Hacker News new | ask | show | jobs
by poidos 1082 days ago
Is there something like this but for “home” usecases? What’s in my pantry, how much of y do I have left in my medicine cabinet, etc.
9 comments

As anyone who has done inventory management could tell you, the admin involved in keeping your pantry inventory up to date would massively outweigh any utility you'd get from this.
Yeah, I wrote a simple pantry manager that used both barcodes on the food items (used an api to lookup and pre-fill basic info) and then small QR codes that I added to the item (to track the individual instance), it was my "pandemic project". It was cool but not the most user friendly (unsurprising, UI/UX are not my strong suits) and it was a little tedious. It was relatively easy to write through and I enjoyed working on it. I was also tracking things like expiration with the intention to have a list of things I should focus on using first.

At the end of the day I abandoned it but the tech stack and the hardware I bought (small Dymo label printer) actually led to me building a side business on top of some of the basic ideas behind it which has grown steadily since.

Maybe it could be worth it for only some items that you always forget to use before they expire. or if it's for saving money by waiting for stuff to get on sale, maybe only for items that are really worth it.
I built this for my chest freezer years ago (including the domain chowcaster.com), which used a barcode scanner to add/remove items. It worked better than a pantry because 1. Less items and typically higher cost, 2. You usually make a trip to your freezer and 3. It's hard to know what's in there. It basically replaced the clipboard my mom still uses to track her freezer inventory.
Good point. Nice.
The only way it would make sense is if you took a video/picture of it and software did everything else.
Same question, but more focus on home electronics. I'd love to track my appliances and home lab setup better than I do today in just a spreadsheet. It'd be nice to get depreciation / warranty tracking, diagrams which show tags/position in the rack for my home lab. Basically similar to enterprise asset management just on a much smaller scale and without needing to operate a full ITIL shop + deploy enterprise scale.

I once, many moons ago, barcode asset tagged all my stuff and was scanning it into an app that could track where it was in your house on a basic 2d wireframe home, which let you report for insurance scheduling purposes.
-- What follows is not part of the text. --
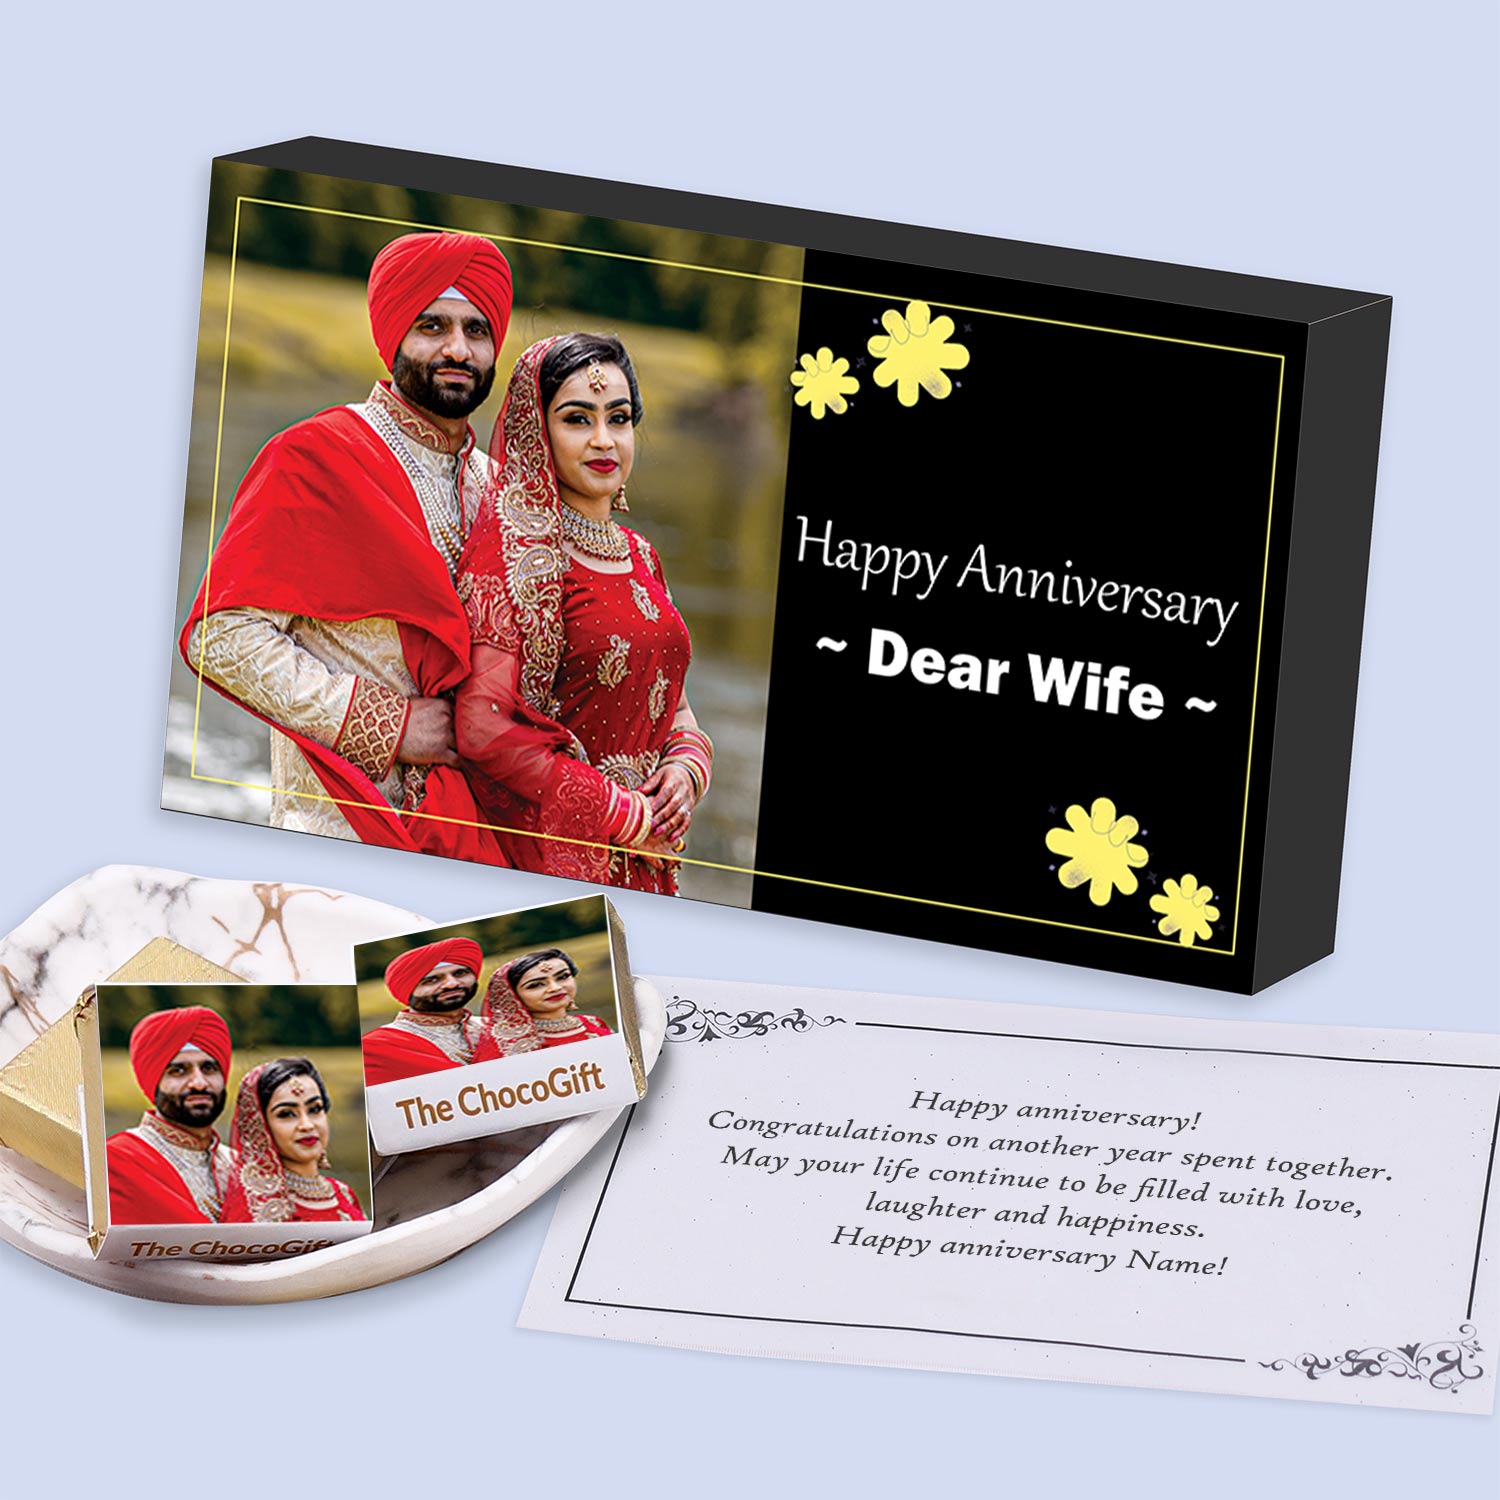 Buy Wedding Gift Personalised Wedding Day Gifts for Newlyweds Mr and Mrs Gift  Gifts for Bride and Groom, Couples Wedding Print Keepsake Online in India -  Etsy

Besides just tracking generally, knowing what stuff you have that is valuable, depreciable, and could be stolen/destroyed is very useful data even for individuals.

I have had some ideas over the years around home electronics (tools and components) management.
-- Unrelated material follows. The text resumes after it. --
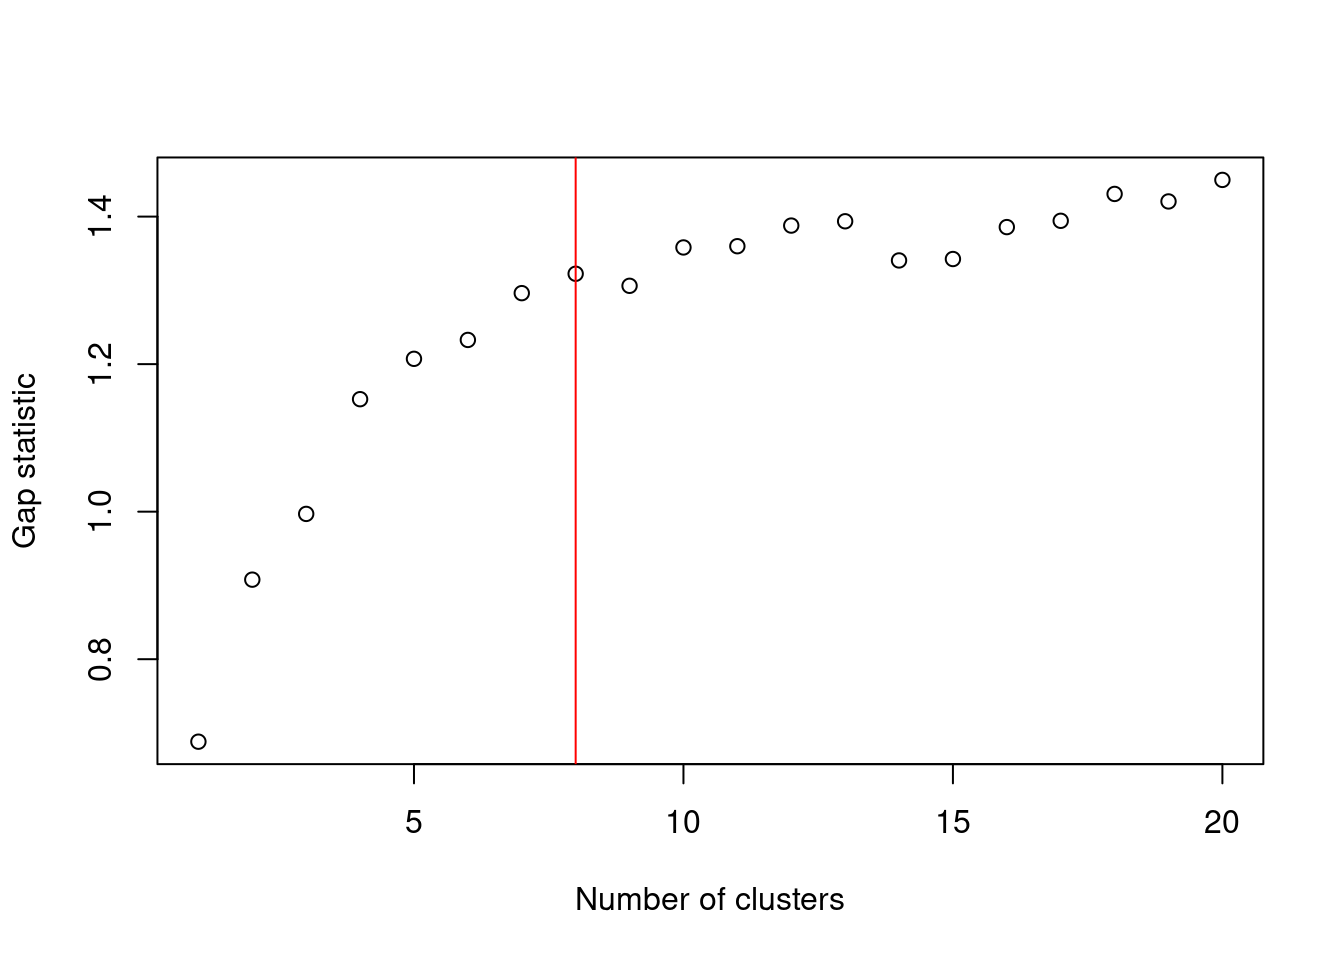 Gap statistic with respect to increasing number of $k$-means clusters in the 10X PBMC dataset. The red line represents the chosen $k$.

I was thinking about building myself a system of QR labelled ziplock bags (inc. antistatic ones) and QR labelled containers.

The main concept of my particular system would be to have a camera covering my workspace, and a camera covering a storage area for containers.

The system would automatically track which QR labelled bags are in which QR labelled container, and also keep a 'last seen' graph of bags that are near other bags, and containers near other containers, so that you don't have to spend too much effort maintaining the system, and when you want a list of things to work with, the system could help you perform a 'computer enhanced rummage' by using your smartphone and have it highlight containers that you want, and ziplocks that contain the things on your list.

Take all those ziplocks out, lay them on your workspace, boom, they are all checked out of the containers by the overhead camera.

Place the containers back on your shelves, boom, the shelve cameras know the positions of the boxes.

When you are done with the items, place a box on your workspace (recognised by camera) and put the packets back in the one box (those packets then checked in to that box).

I don't have a nice workspace to build the system yet, but when I settle into a place I am going to spend more time thinking about it.

Someone mentioned https://inventree.org which looks cool, but there is no distributor API connections AFAIK. I really wanted to ability to scan my Digikey bags and have it auto fill all of the parameters so I made a super basic app to do that. I'm planning on open sourcing it once I clean it up.
https://grocy.info/

This is what you're looking for.

Homebox (https://github.com/hay-kot/homebox) is one I've been looking at recently. Haven't actually set it up yet though, so YMMV.
It's only really good for groceries, but if you use Paprika's shopping list it will track what you have at home and subtract from it as you complete recipes.
maybe grocy
OMG ... information horder in me will resist this temptation.
A wiki or a spreadsheet
Yes. They're on your face right now, above your nose.